Biclustering

For large gene expression datasets, biclustering is a method to detect groups of genes that are correlated among a subset of samples. This is different from traditional clustering methods where correlation is defined across all samples.

The biclust R package ( Kaiser & Leisch 2008) provides a wrapper for many different algorithms of biclustering.

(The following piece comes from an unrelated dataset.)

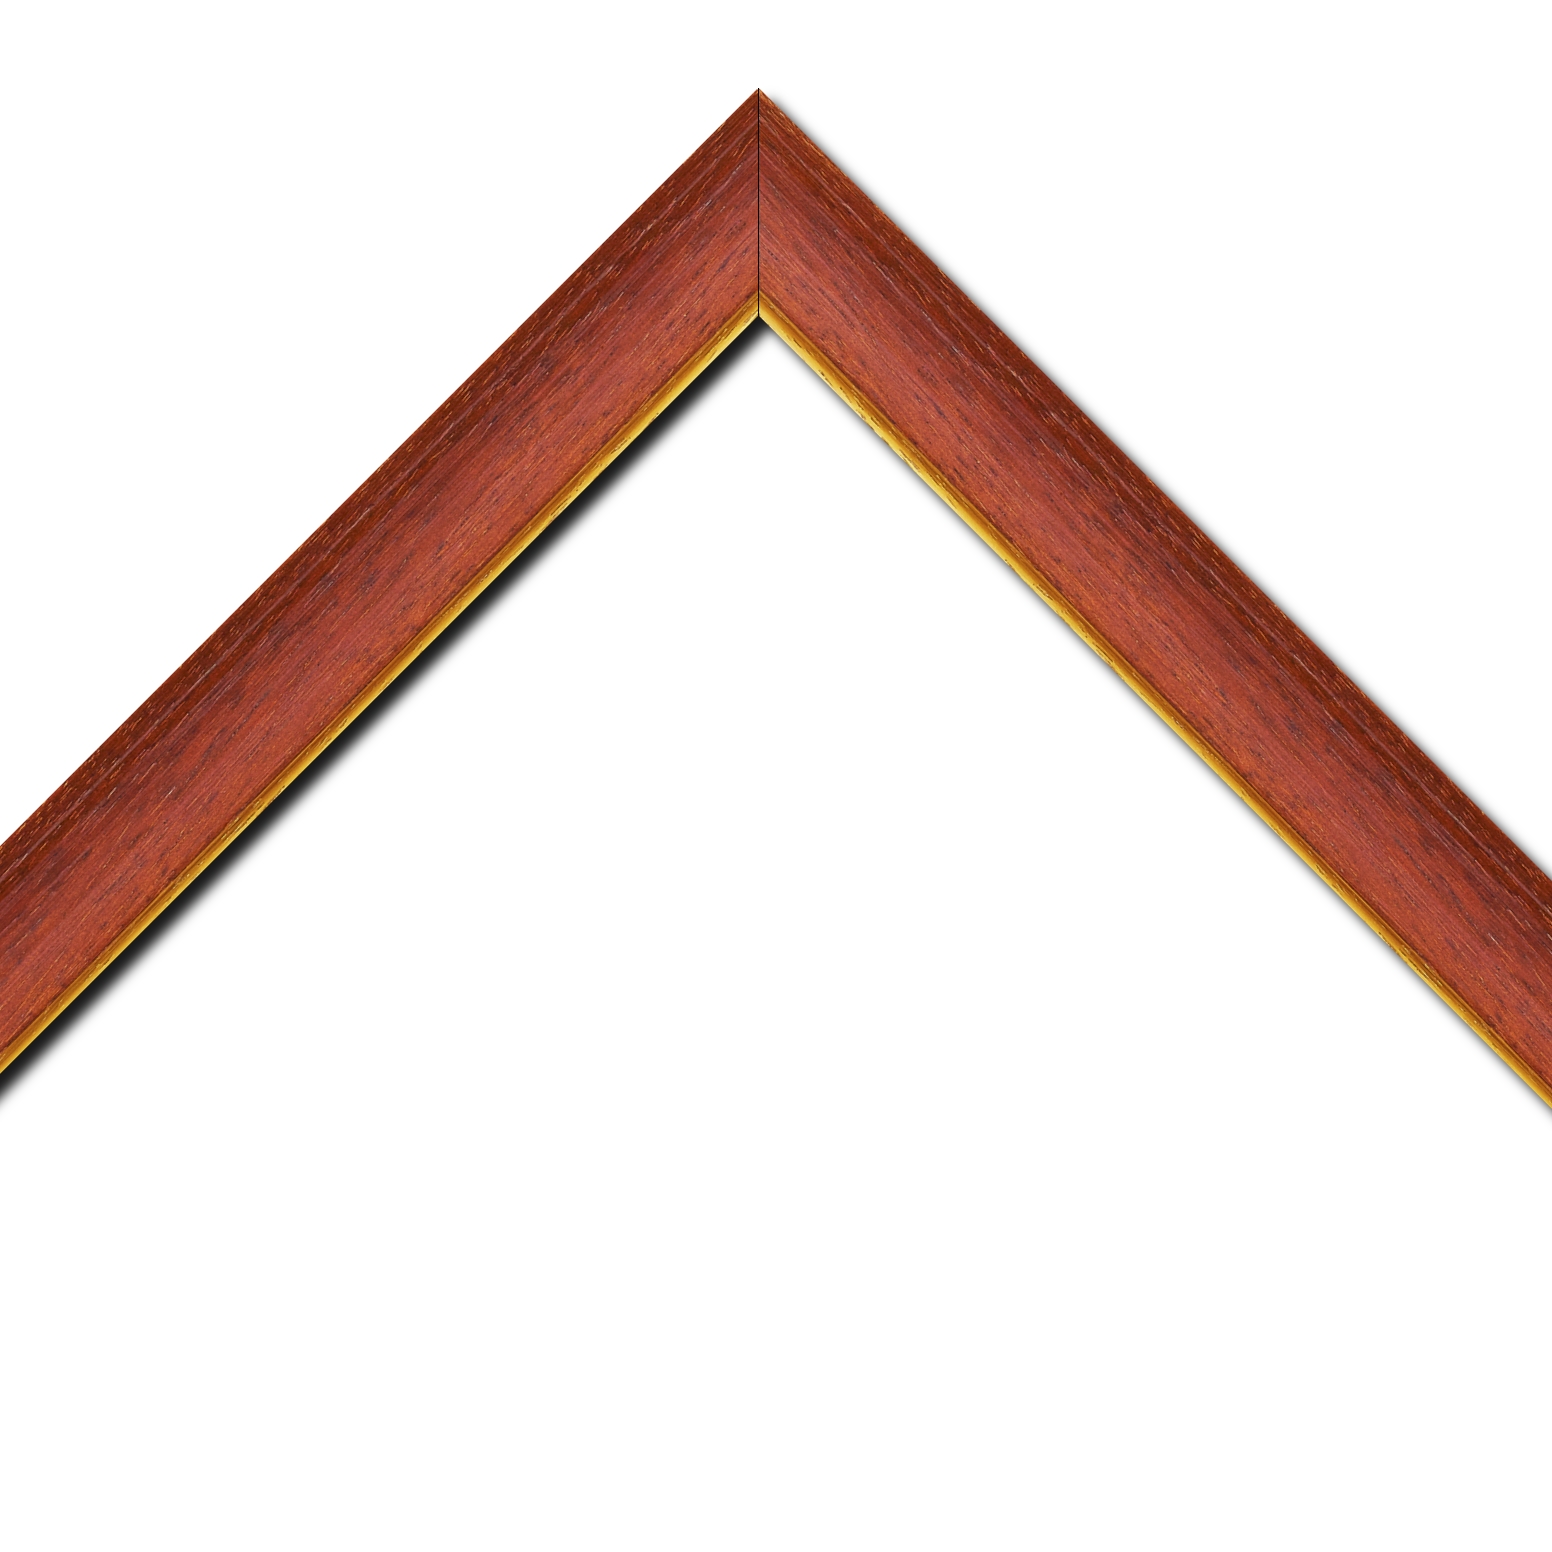 Baguette bois profil incurvé largeur 3.9cm couleur rouge cerise satiné filet or

We used the default settings for the biclust package. The following information is compiled from the help file of biclust:

  • BCCC: Performs CC Biclustering based on the framework by Cheng and Church (2000).
  • BCXmotifs: Performs XMotifs Biclustering based on the framework by Murali and Kasif (2003). Searches for a submatrix where each row as a similar motif through all columns. The algorithm needs a discrete matrix to perform.
  • BCPlaid: Performs Plaid Model Biclustering as described in Turner et al., 2003. This is an improvement of original ‘Plaid Models for Gene Expression Data’ (Lazzeroni and Owen, 2002). This algorithm models data matrices to a sum of layers, the model is fitted to data through minimization of error.
  • BCSpectral: Performs Spectral Biclustering as described in Kluger et al., 2003. Spectral biclustering supposes that normalized microarray data matrices have a checkerboard structure that can be discovered by the use of svd decomposition in eigenvectors, applied to genes (rows) and conditions (columns).
  • BCBimax: Performs Bimax Biclustering based on the framework by Prelic et. al.(2006). It searches for submatrices of ones in a logical matrix. Uses the original C code of the authors.
  • BCQuest: Performs Questmotif Biclustering a Bicluster algorithm for questionnaires based on the framework by Murali and Kasif (2003). Searches subgroups of questionnaires with the same or similar answer to some questions.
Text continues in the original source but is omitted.